# Text 1: Vector space models
**Internet Analytics - Lab 4**

---

**Group:** K

**Names:**

* Kim Lan Phan Hoang
* Robin Lang

---

#### Instructions

*This is a template for part 1 of the lab. Clearly write your answers, comments and interpretations in Markodown cells. Don't forget that you can add $\LaTeX$ equations in these cells. Feel free to add or remove any cell.*

*Please properly comment your code. Code readability will be considered for grading. To avoid long cells of codes in the notebook, you can also embed long python functions and classes in a separate module. Don’t forget to hand in your module if that is the case. In multiple exercises, you are required to come up with your own method to solve various problems. Be creative and clearly motivate and explain your methods. Creativity and clarity will be considered for grading.*

In [1]:
import pickle
import numpy as np
from scipy.sparse import csr_matrix
from utils import load_json, load_pkl

from nltk.stem.wordnet import WordNetLemmatizer

# load the files and initialize the punctiuation to remove
courses = load_json('data/courses.txt')
stopwords = load_pkl('data/stopwords.pkl')
punctuation = '.?!,;:-–()[]{}"/\'0123456789%*+='

## Exercise 4.1: Pre-processing

### Pre-process the corpus to create bag-of-words representations of each document

In [2]:
# initialize the minimum and maximum times any term may appear
# terms that occur less than MIN
# or more than MAX times get filtered
MIN = 10
MAX = 2000

# note: downloading wordnet is required
# command: python -m nltk.downloader
#   in the console
lemmatizer = WordNetLemmatizer()

In [3]:
# function to construct n-grams of any length n
# based on the solution found on
# http://locallyoptimal.com/blog/2013/01/20/elegant-n-gram-generation-in-python/
def find_ngrams(input_list, n):
    return [str(x[0] + " " + x[1]) for x in list(zip(*[input_list[i:] for i in range(n)])) ]

In [4]:
courses_proc = {}
words = {}

# construct the dictionaries for the courses and terms
for c in courses:
    cid = c['courseId']
    
    # transfer all to lowercase, remove punctuation and numbers
    desc = c['description'].lower().translate(str.maketrans('', '', punctuation))
    # remove stopwords
    desc_proc = [lemmatizer.lemmatize(word, pos='v') for word in desc.split() if word not in stopwords]
    
    desc_2grams = find_ngrams(desc_proc, 2)
    desc_proc.extend(desc_2grams)
    
    # create a dict of all words
    for w in desc_proc:
        if w in words:
            words[w] += 1
        else:
            words[w] = 1
    
    if cid in courses_proc:
        # some courseIds appear multiple times
        # for those, we decided to append the desctiptions to each other
        courses_proc[cid].extend(desc_proc)
    else:
        courses_proc[cid] = desc_proc

In [5]:
words_filtered = []

# filter most and least frequent words
for w in words:
    if words[w] > MIN and words[w] < MAX:
        words_filtered.append(w)

In [6]:
courses_proc2 = {}

# remove all the words that have been filtered out from the descriptions
for c in courses_proc:
    courses_proc2[c] = [word for word in courses_proc[c] if word in words_filtered]

### Explain which kinds of cleaning you implemented and why

* Make sure every courseId only appears once.
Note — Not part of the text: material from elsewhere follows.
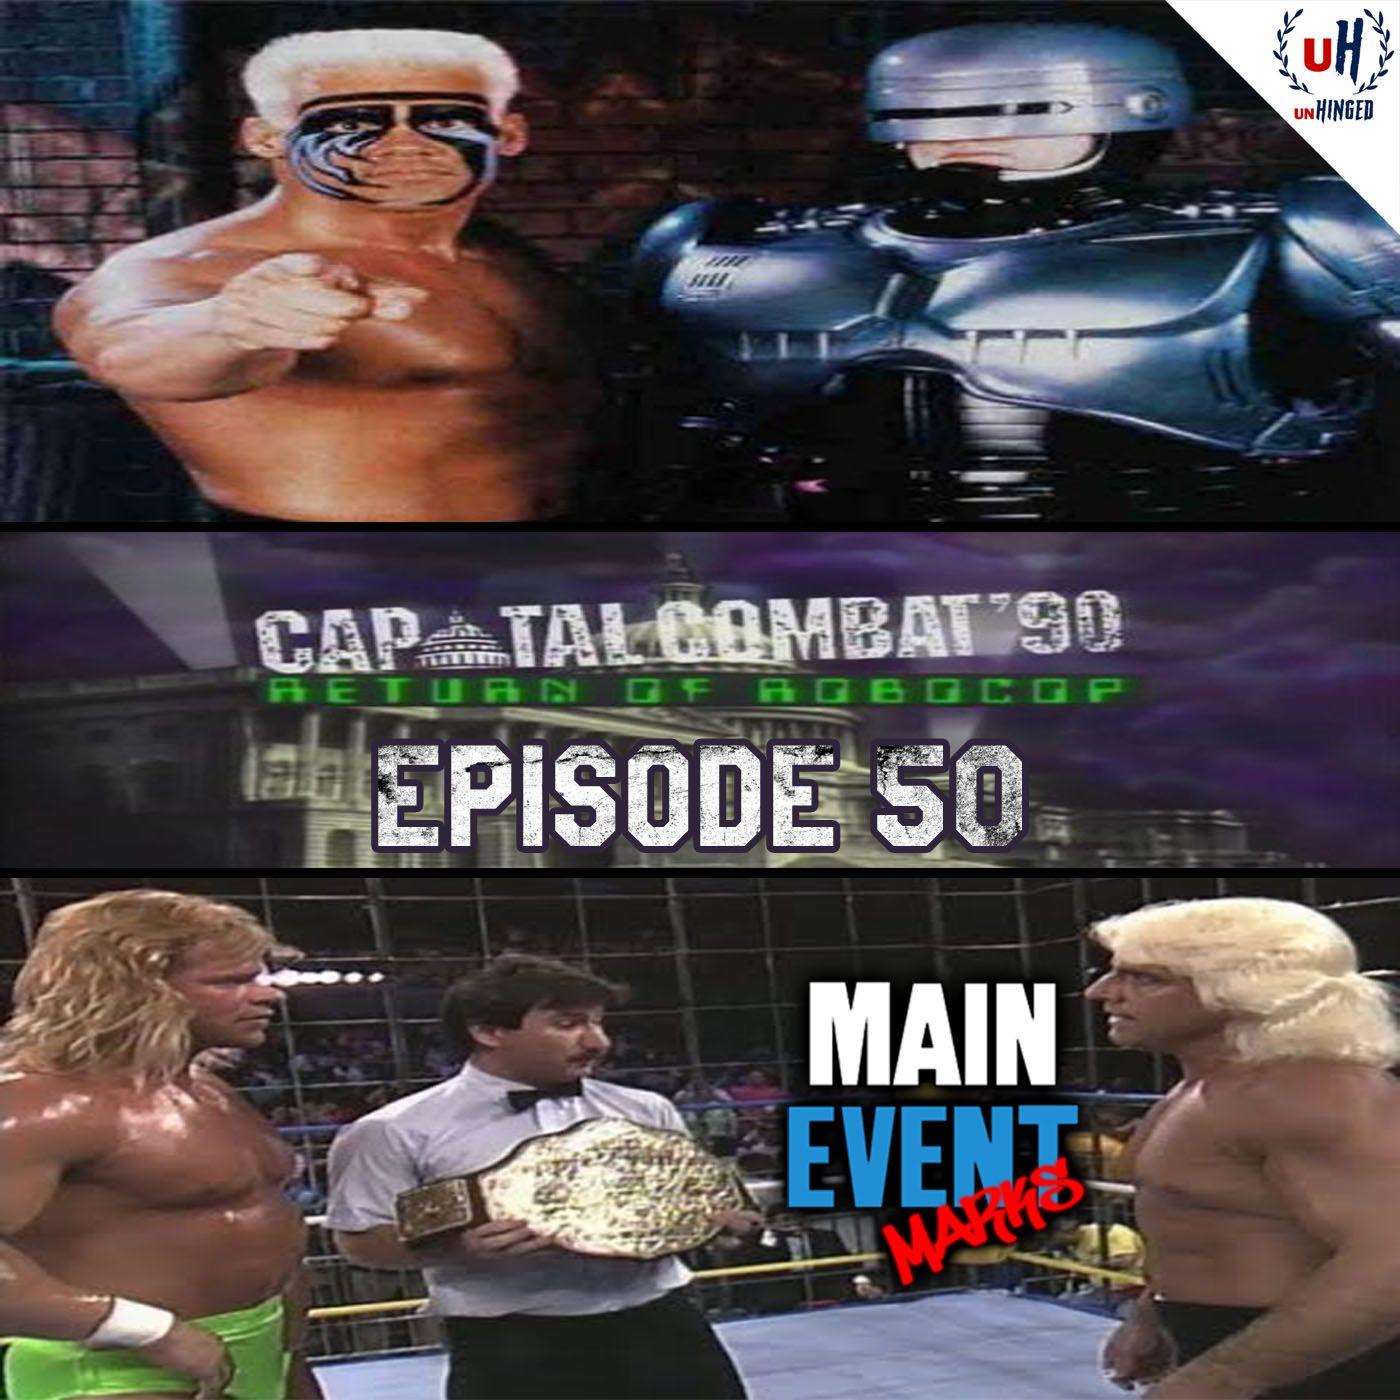 Episode 50: NWA Capital Combat 1990 (The Return of RoboCop)

If it appears more than once, append the two descriptions
* Change all cheacters to lowercase, to avoid the same word being considered different. Additionally, all words in stopwords.pkl are in lowercase, so this ensures all words are removed correctly
* Remove punctuation, numbers and other symbols, for the same reason as above. Only the words are important, not percentages or numbers.
* Remove stopwords, as these don't carry any information about the content of the document
* filter most and least frequent words, as they only mess up the results when trying to find similarities between documents. commomn words will be in almost every document, rare ones in almost none.
* Lemmatization, to detect only words with different meaning. Identical words, such as "is" and "are" will automatically be transformed to "be", the same is true with multiples ("documents" -> "document").
* n-grams: 2-shingles, to detect frequent combinations of words. Infrequent shingles are filtered just like infrequent words. No higher degrees for the sake of performance.
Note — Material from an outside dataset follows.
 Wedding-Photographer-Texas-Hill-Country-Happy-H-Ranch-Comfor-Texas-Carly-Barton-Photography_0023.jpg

### Print the terms in the pre-processed description of the $9^{th}$ class in alphabetical order.

In [7]:
# print the fill description of the 9th course
print(sorted(courses_proc2[courses[9]['courseId']]))
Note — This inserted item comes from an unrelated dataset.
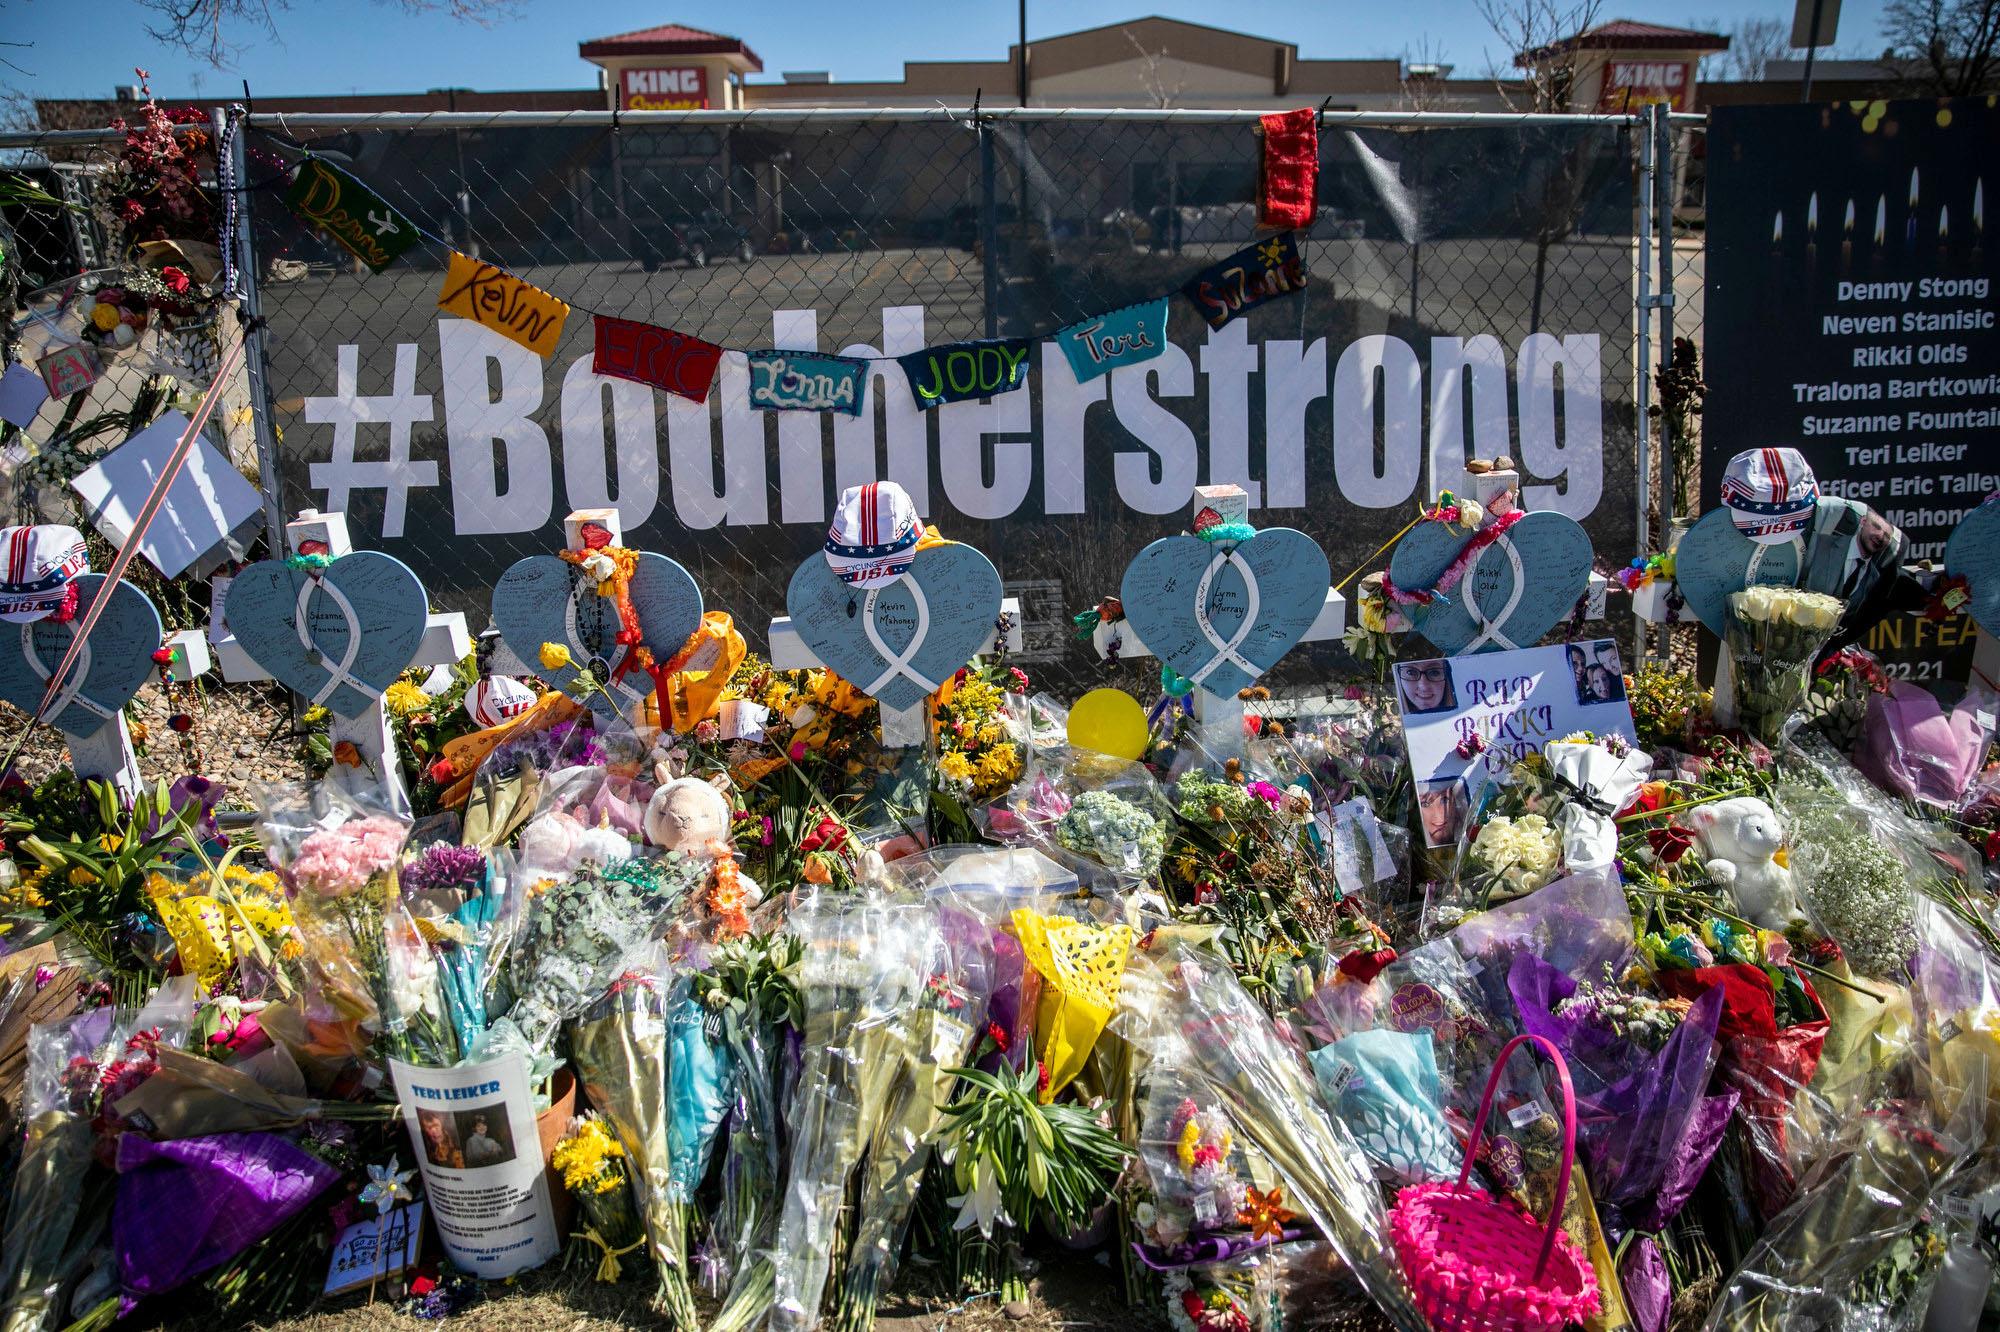 210329-BOULDER-SHOOTING-MEMORIAL-FLOWERS-SIGNS

['abstract', 'abstract', 'abstract', 'activities', 'activities', 'activities', 'activities attend', 'activities attend', 'activities attend', 'al', 'al', 'al', 'algorithmic', 'algorithmic', 'algorithmic', 'architecture', 'architecture', 'architecture', 'assessment', 'assessment', 'assessment', 'assessment methods', 'assessment methods', 'assessment methods', 'assistants', 'assistants', 'assistants', 'assistants forum', 'assistants forum', 'assistants forum', 'attend', 'attend', 'attend', 'attend lecture', 'attend lecture', 'attend lecture', 'automation', 'automation', 'automation', 'basic', 'basic', 'basic', 'bibliography', 'bibliography', 'bibliography', 'bibliothèque', 'bibliothèque', 'bibliothèque', 'build', 'build', 'build', 'challenge', 'challenge', 'challenge', 'cod', 'cod', 'cod', 'combinational', 'combinational', 'combinational', 'comment', 'comment', 'comment', 'complete', 'complete', 'complete', 'complete exercise', 'complete exercise', 'complete exercise', 'complex', 'comple

## Exercise 4.2: Term-document matrix

### Construct an M×N term-document matrix X, where M is the number of terms and N is the number of documents. The matrix X should be sparse. You are not allowed to use libraries for this task.

In [8]:
# construct mappings to retrieve a term from its index
# as well as an index given a term
words_index = {}
i = 0
words_list = []

for w in words_filtered:
    words_index[w] = i
    i += 1
    words_list.append(w)

In [9]:
# construct mappings to retrieve a courseId from its index
# as well as an index given a courseId
courses_index = {}
i = 0
courses_list = []

for w in courses_proc2:
    courses_index[w] = i
    i += 1
    courses_list.append(w)

In [10]:
# parameters required for constructing the matrix
M = len(words_index)
N = len(courses_index)

In [11]:
# matrix containing how many times each words
# appears in each document
X = np.ndarray((M, N))

for c in courses_proc2:
    for t in courses_proc2[c]:
        X[words_index[t]][courses_index[c]] += 1

### Print the 15 terms in the description of the $9^{th}$ class with the highest TF-IDF scores.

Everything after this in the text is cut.